**** Exercise data

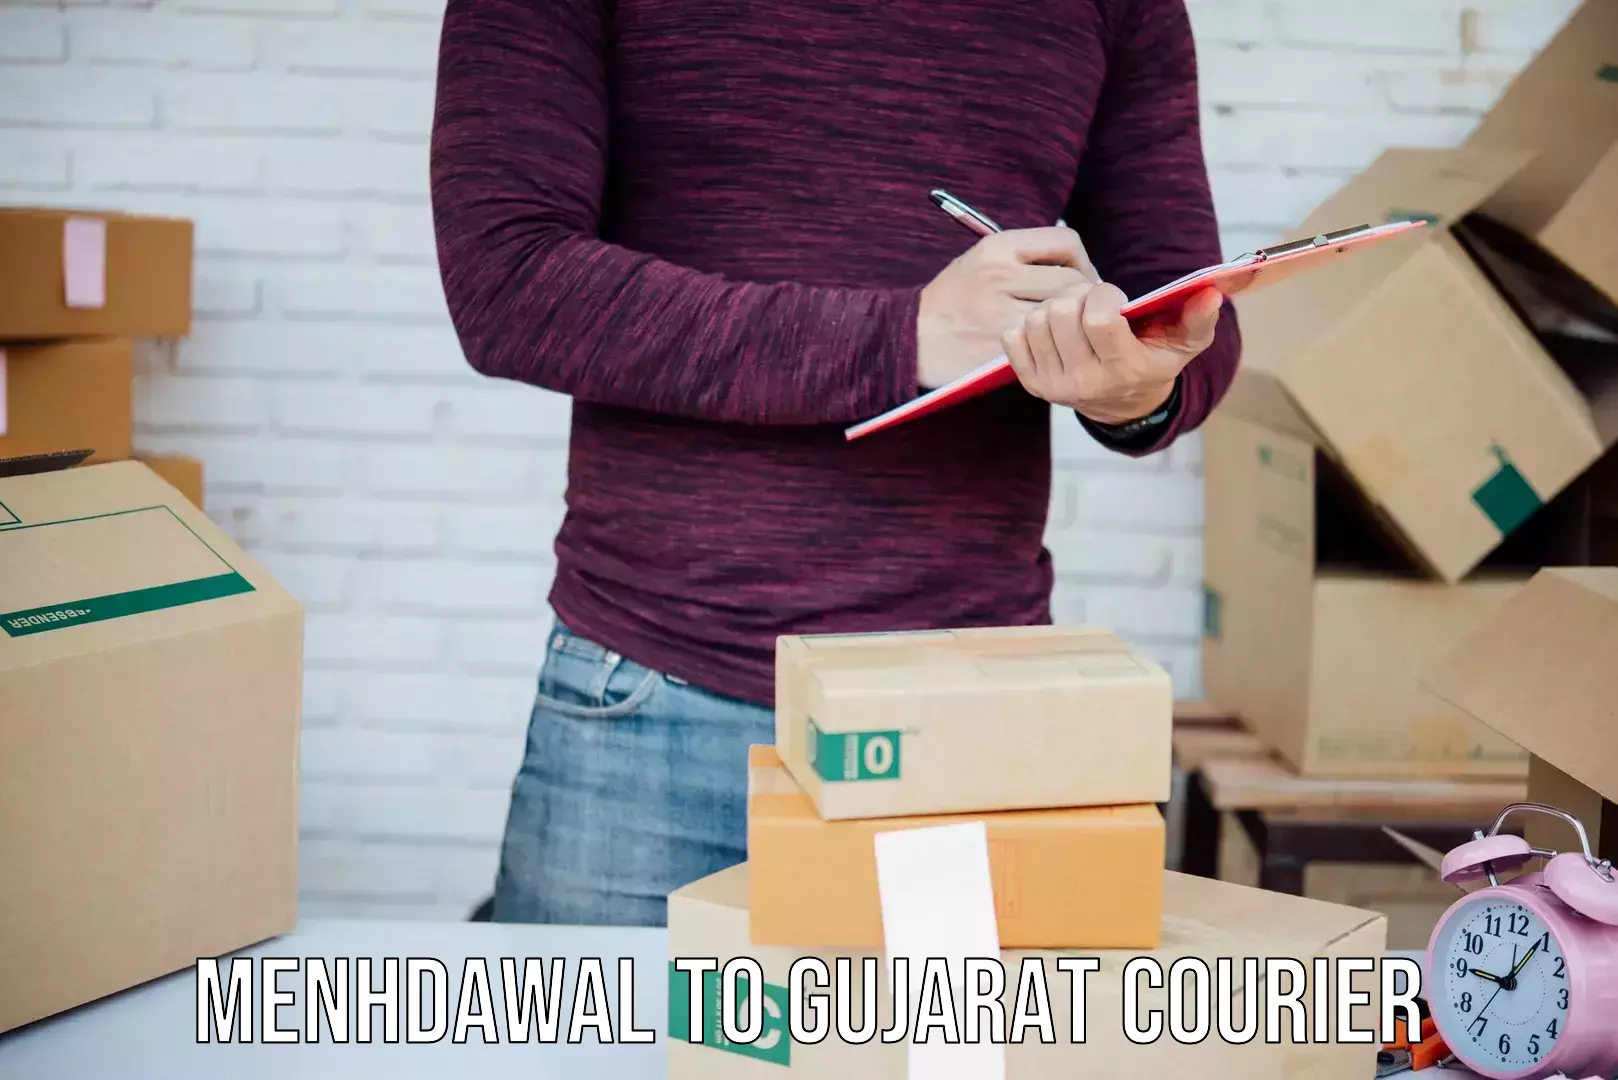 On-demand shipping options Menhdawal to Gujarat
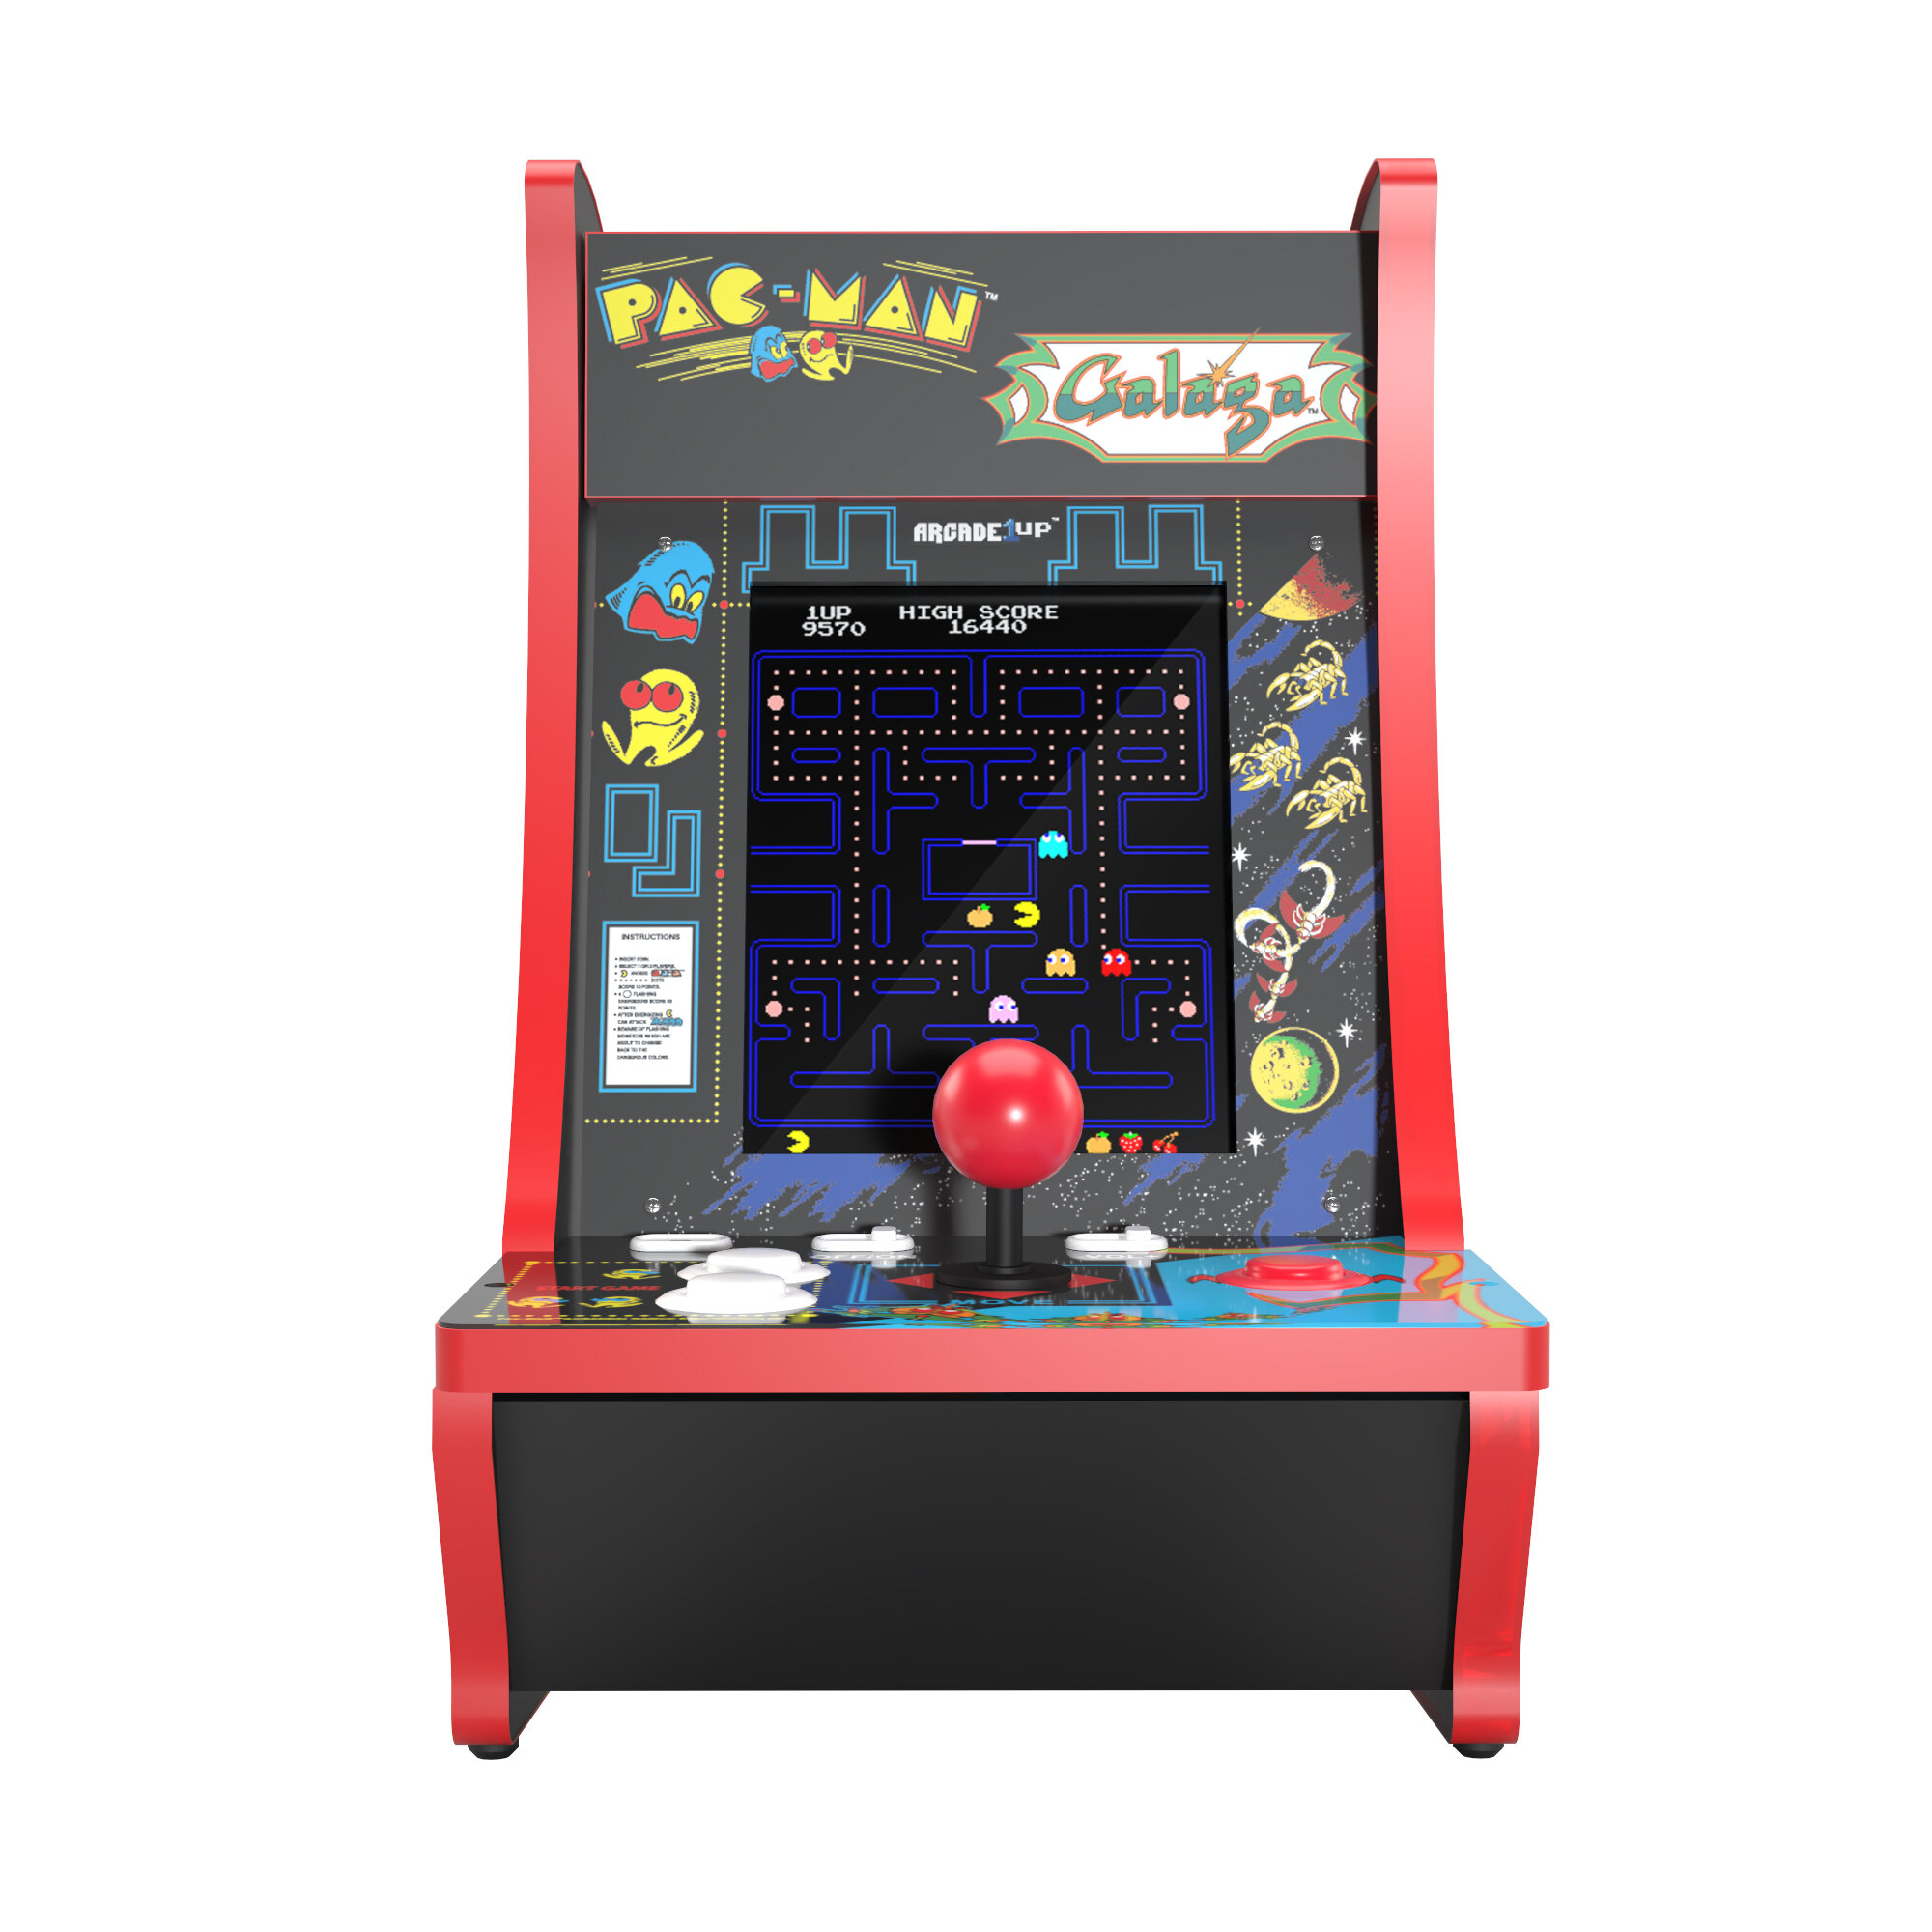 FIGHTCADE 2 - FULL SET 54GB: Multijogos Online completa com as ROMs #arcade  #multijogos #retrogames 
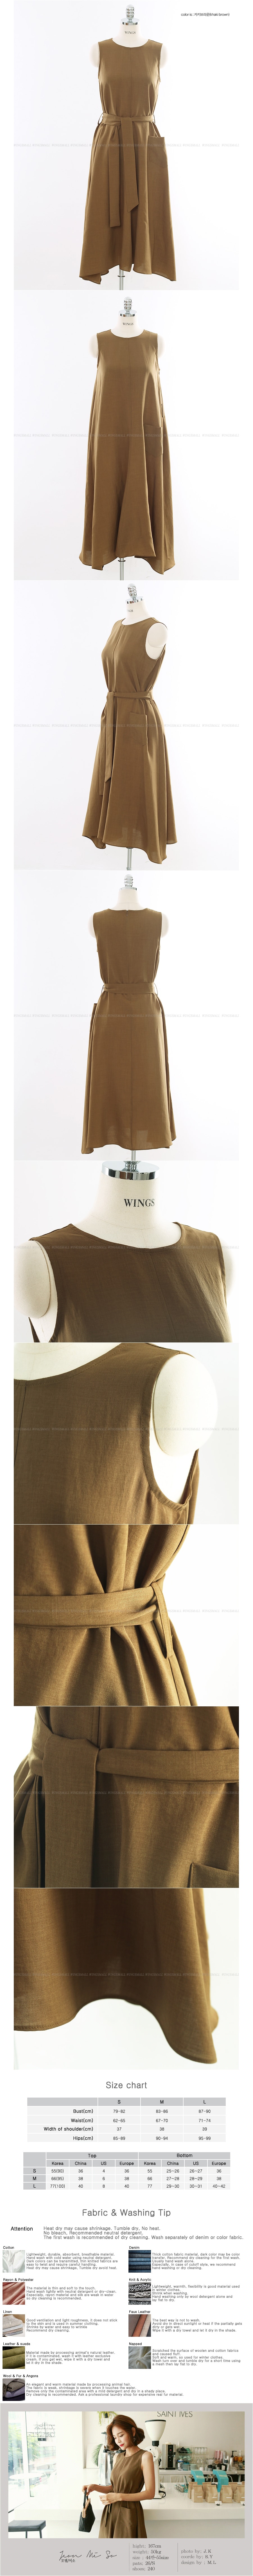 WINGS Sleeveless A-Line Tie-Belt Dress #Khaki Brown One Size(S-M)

********

• Exercise prompt
Transcribe the material as is, with images omitted.

• Result for this exercise
 On-demand shipping options Menhdawal to Gujarat
 FIGHTCADE 2 - FULL SET 54GB: Multijogos Online completa com as ROMs #arcade  #multijogos #retrogames 
 WINGS Sleeveless A-Line Tie-Belt Dress #Khaki Brown One Size(S-M)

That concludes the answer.